Saturday, August 13, 2011

prosciutto wrapped ogen melons


As second year medical students, we plan and execute a retreat for the incoming class. Our beloved professors (that we can now appreciate more genuinely since we passed their class) give opening speeches to really rev up the new students for their first year…or rather emotionally prepare them for the tidal wave ahead. As I was sitting there listening to these speeches, my heart was heavy with an intense gratitude, and a single thought replayed in my head: thank God I am not a first-year! I do believe that was the hardest year of my life thus far and I am wonderfully and fearfully grateful that it is over. Time passed so quickly since last year when I was sitting at retreat listening to those same professors give those same speeches. Without the nervous angst clouding my brain this time around, I was actually able to hear the words the professors were saying. Here are a few ideas they touched on to ready the mind for yet another year of this whirlwind.

Humility: the notion of who you serve. As a Christian, I serve a big God. One that I both expect and fear will use me. I recognize my minute role in His overall intentions with this world, but I do hope to play that minute role well. Medical school humbled me a few times last year (and I expect this humbling will continue) but the humility I now think of hinges more upon the idea of one’s stature in comparison to another. My posture before God, the highest and grandest, is naturally one of humility. I can adopt no other status besides his lowly servant. But I covet no other status more proudly.

Mojo: that which is best in you that shows on the outside. Busy lives often mask the best inside of us due to the tough resolve our daily tasks demand. Last year, I more often than not silenced my inner desires to spend a little time with a friend or do something special for Ben. I am embarrassed to say that my once-servant-like-heart was buried under books until it hurt a little.
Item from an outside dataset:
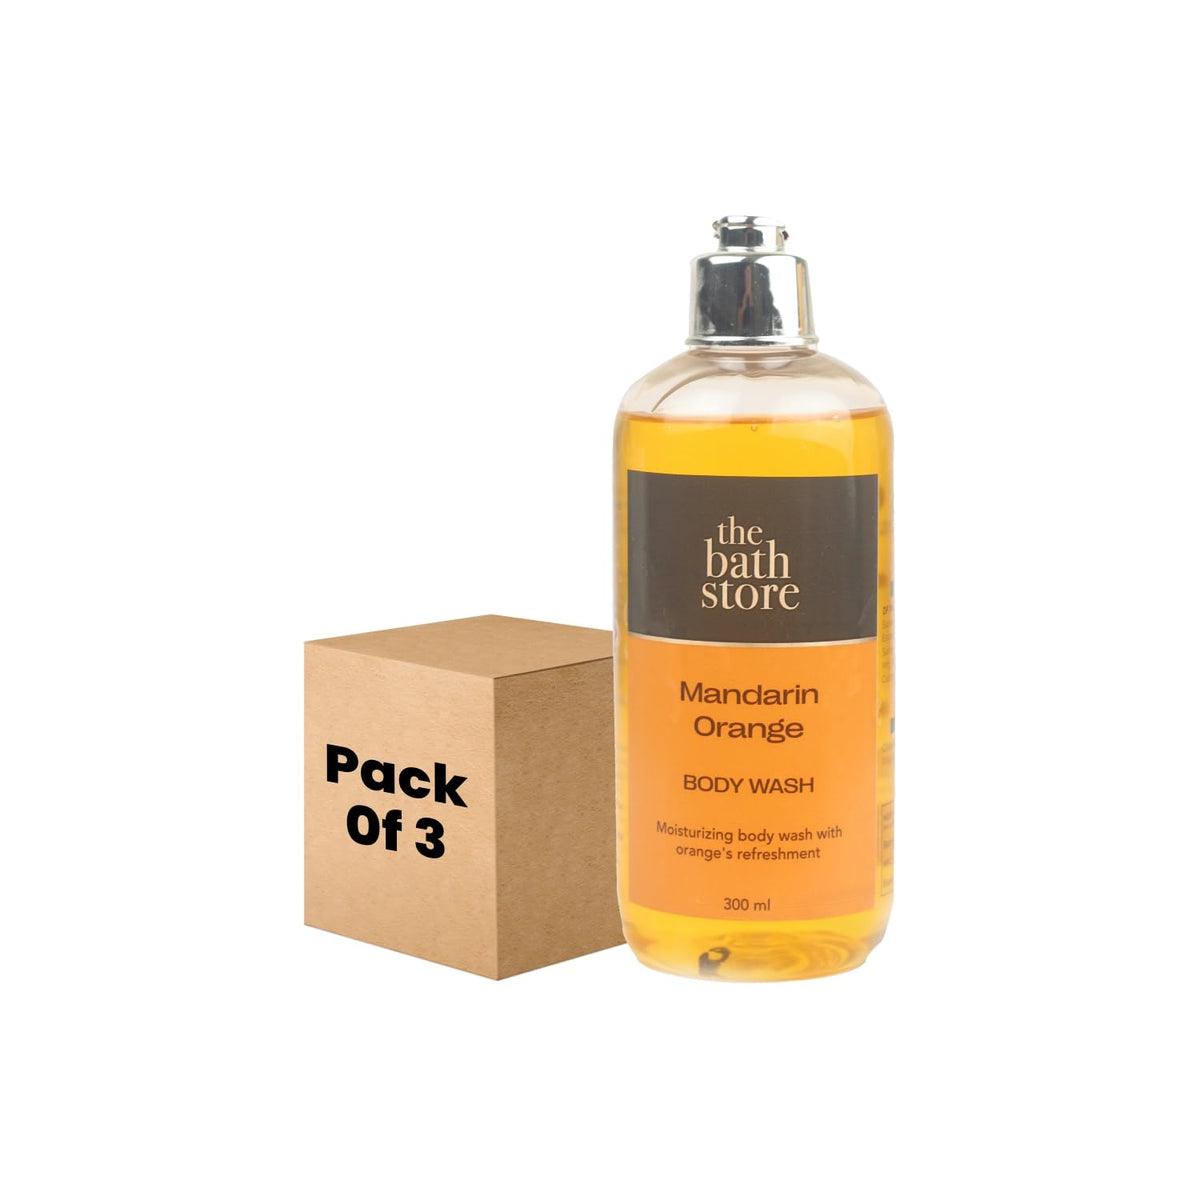 The Bath Store Mandarin Orange Body Wash - Deeply Cleansing | Nourishing Liquid Soap | Men and Women - 300ml (Pack of 3)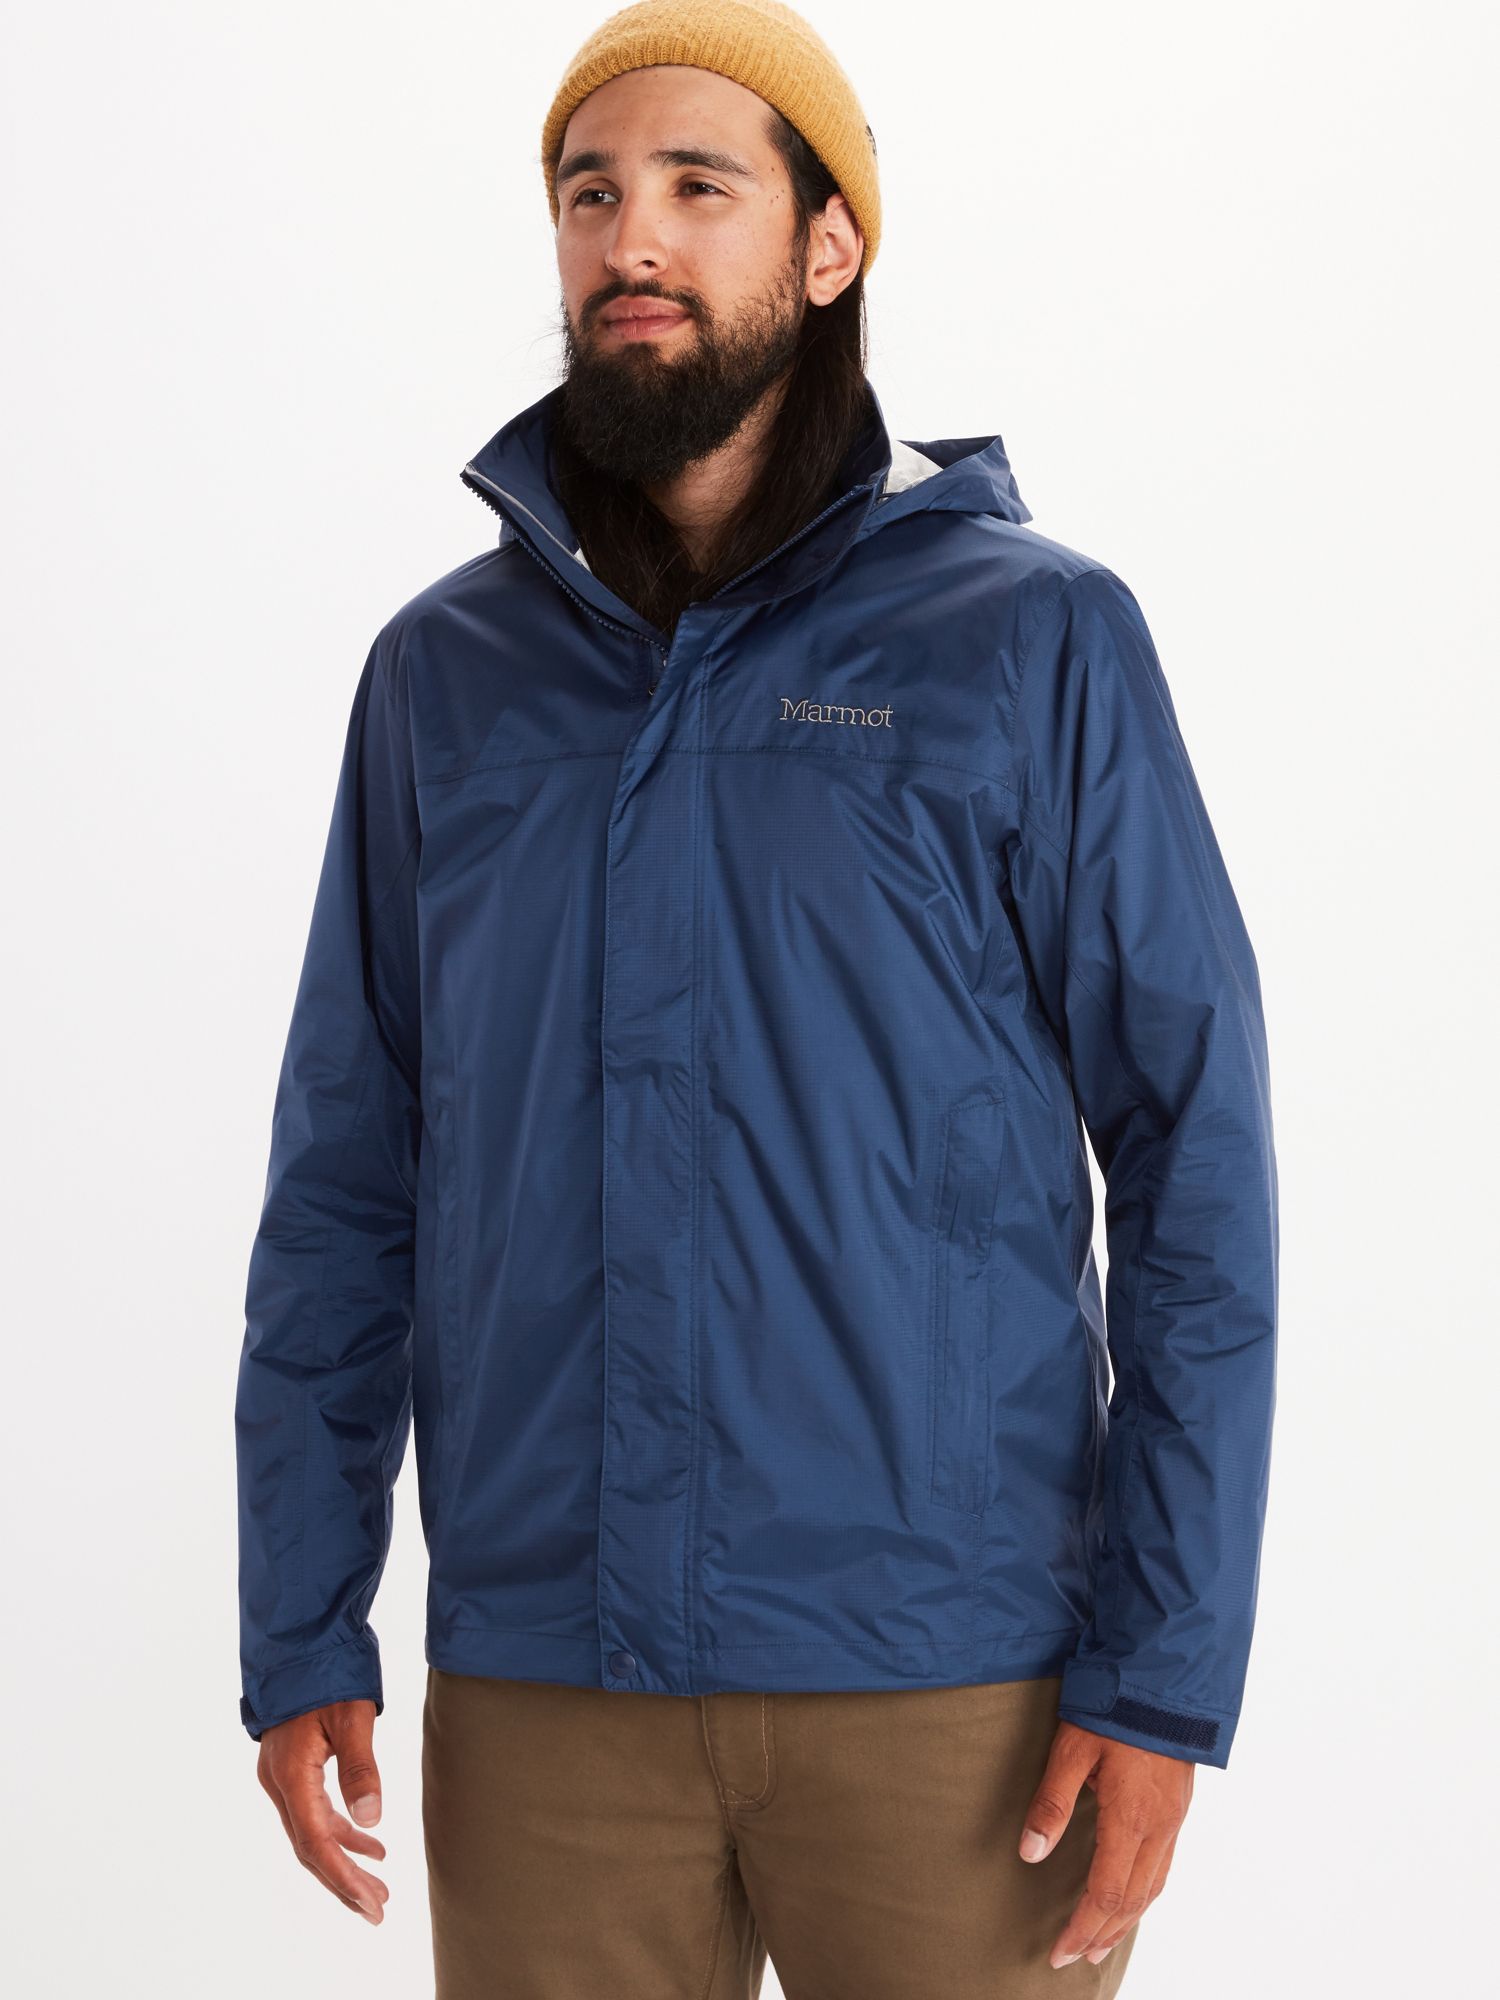 Men's PreCip® Eco Jacket - Big | Marmot

These little decisions not to volunteer my precious time became a habit of self-focus. Yes, medical school often requires this sequestering of self in order for effective studying, but I still need to make more of an effort to love on others more frequently and intentionally. Most people we run into on a daily basis only see our exterior: our body language and tone of voice, how we interact with others, etc. I suppose the goal would be to cultivate a sound and happy inner self to a degree that it overflows to our exterior, with the result that our “mojo” is something positive to anyone we encounter.

The Ogen melon is an Isreali variety (kind of like honeydew or cantaloupe). I met a little man at the Farmer’s Market selling these beauties. His warm eyes and genuine smile showed me how truly exited he was about his produce! After he told me all about the sweet taste and heirloom seeds (in his Rhodesian accent), I just had to buy one. Wrapping melon in prosciutto balances salty and sweet and makes for a super easy appetizer.

1 comment:

  1. Well said (or written:), sister! Your future patients will seriously be blessed to have you as their doctor. I love you and I'm thankful for you!